Review · Platformer · macOS
get to the point
By the LumiKin editors
Reviewed: 01 May 2026
macOS
spartansean · 2020
LumiScore
50/100
Good
get to the point is a platformer that develops spatial awareness and hand-eye coordination through its movement challenges.
Growth (BDS)
34
Risk (RIS)
8
Daily limit
120min
Age guidance
—
Developmental benefits
| B1 | Cognitive | 0.42 | |
| B2 | Social-emotional | 0.07 | |
| B3 | Motor | 0.55 | |
Get to the Point is a focused indie platformer that delivers genuine developmental value through its core movement mechanics. Spatial awareness is the standout benefit — players must constantly read the environment, judge distances, and navigate precise geometry, which trains visuospatial reasoning over time. Hand-eye coordination and reaction time are meaningfully exercised as players respond to obstacles and timing windows. The game also supports learning transfer: the trial-and-error loop of a well-designed platformer teaches persistence and incremental skill-building that mirrors real problem-solving strategies. Memory and attention are engaged as players memorize level layouts and refine their routes across repeated attempts.
Design risks
| R1 | Dopamine pressure | 0.17 | |
| R2 | Monetization | 0.00 | |
| R3 | Social risk | 0.00 | |
Get to the Point presents a very low overall risk profile. There are no monetization systems, no loot boxes, no subscriptions, and no advertisements — an increasingly rare and commendable design choice.

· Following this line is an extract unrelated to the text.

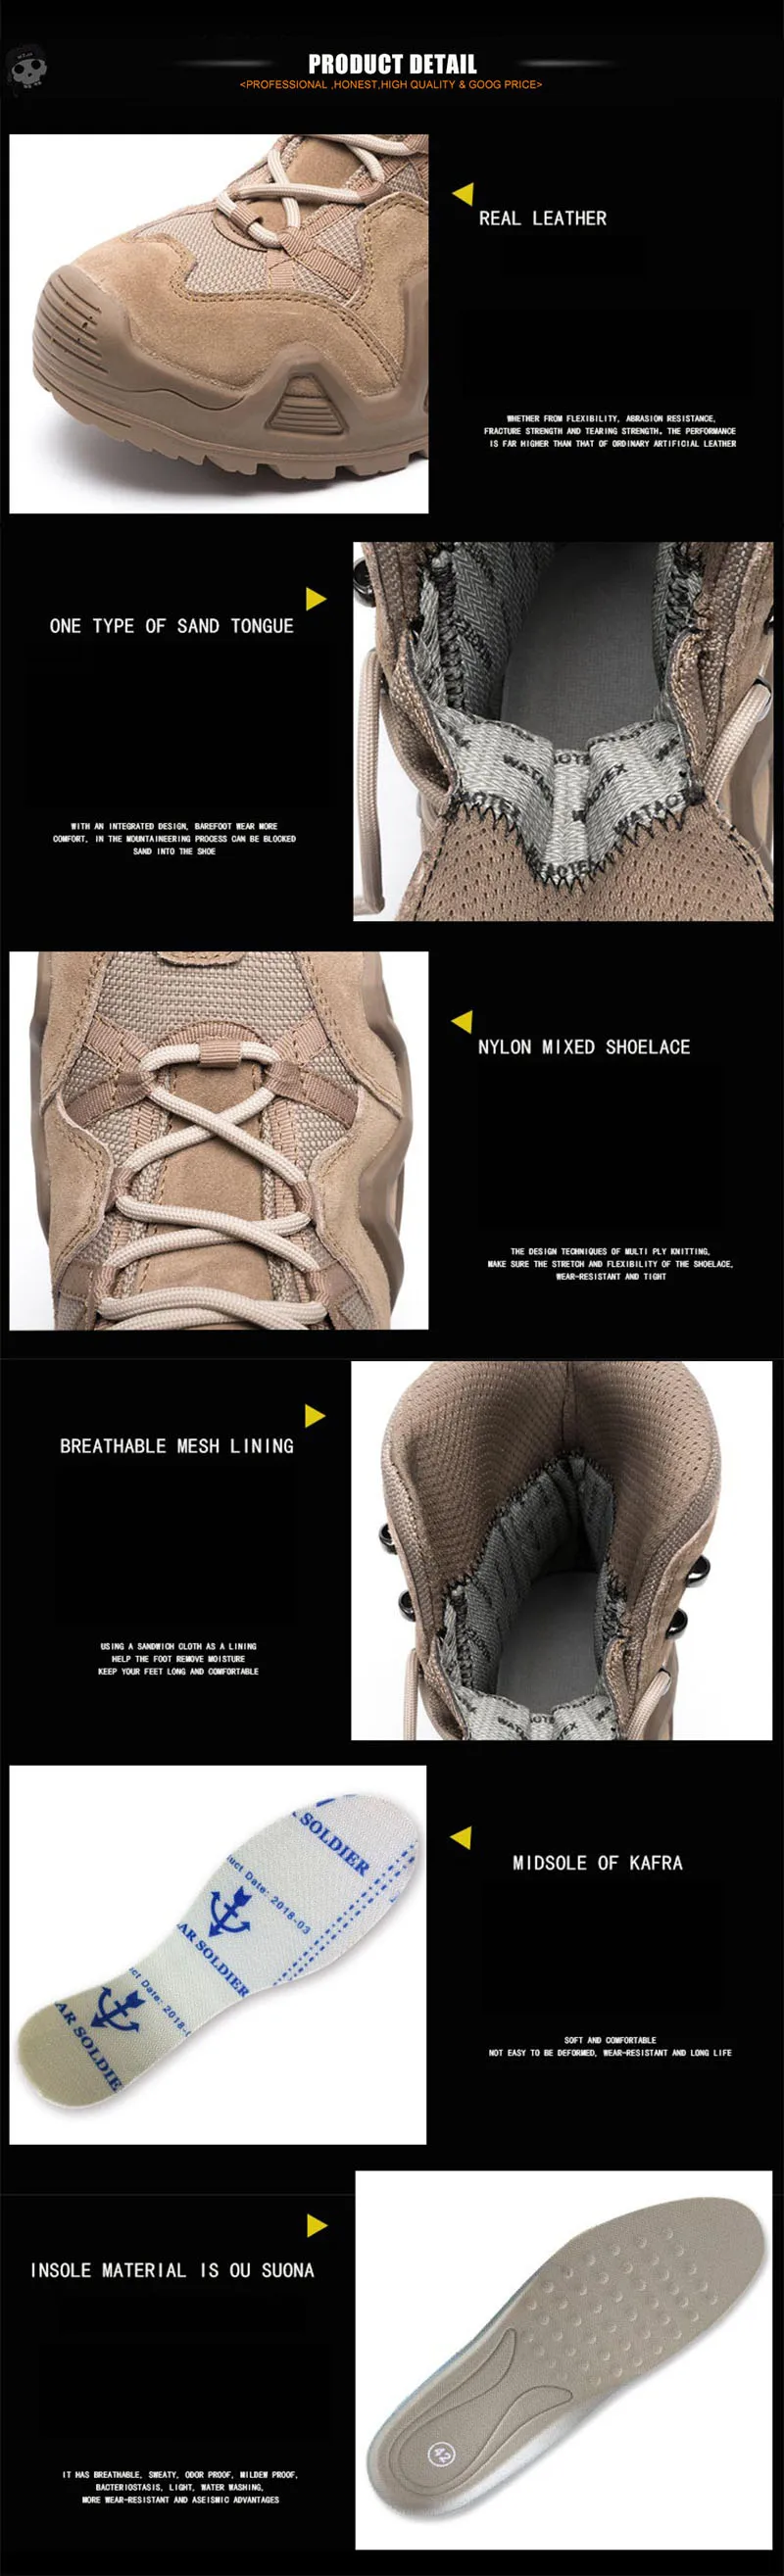 WZJP уличные спортивные тактические горные альпинистские ботинки мужские износостойкие ботинки Нескользящие походные и треккинговые ботинки для пеших прогулок

Dopamine manipulation risks are minimal; the primary concern is the 'near miss' effect inherent to precision platformers, where players feel compelled to retry after a close failure. This can extend sessions modestly, but is not driven by manipulative design. There are no social risks whatsoever: no stranger chat, no social comparison features, and no online community pressure. Content risks are negligible. The game is essentially a clean, friction-free experience.
Heads up
- Monthly spendTypical real-money spend by engaged players: $0–0/mo.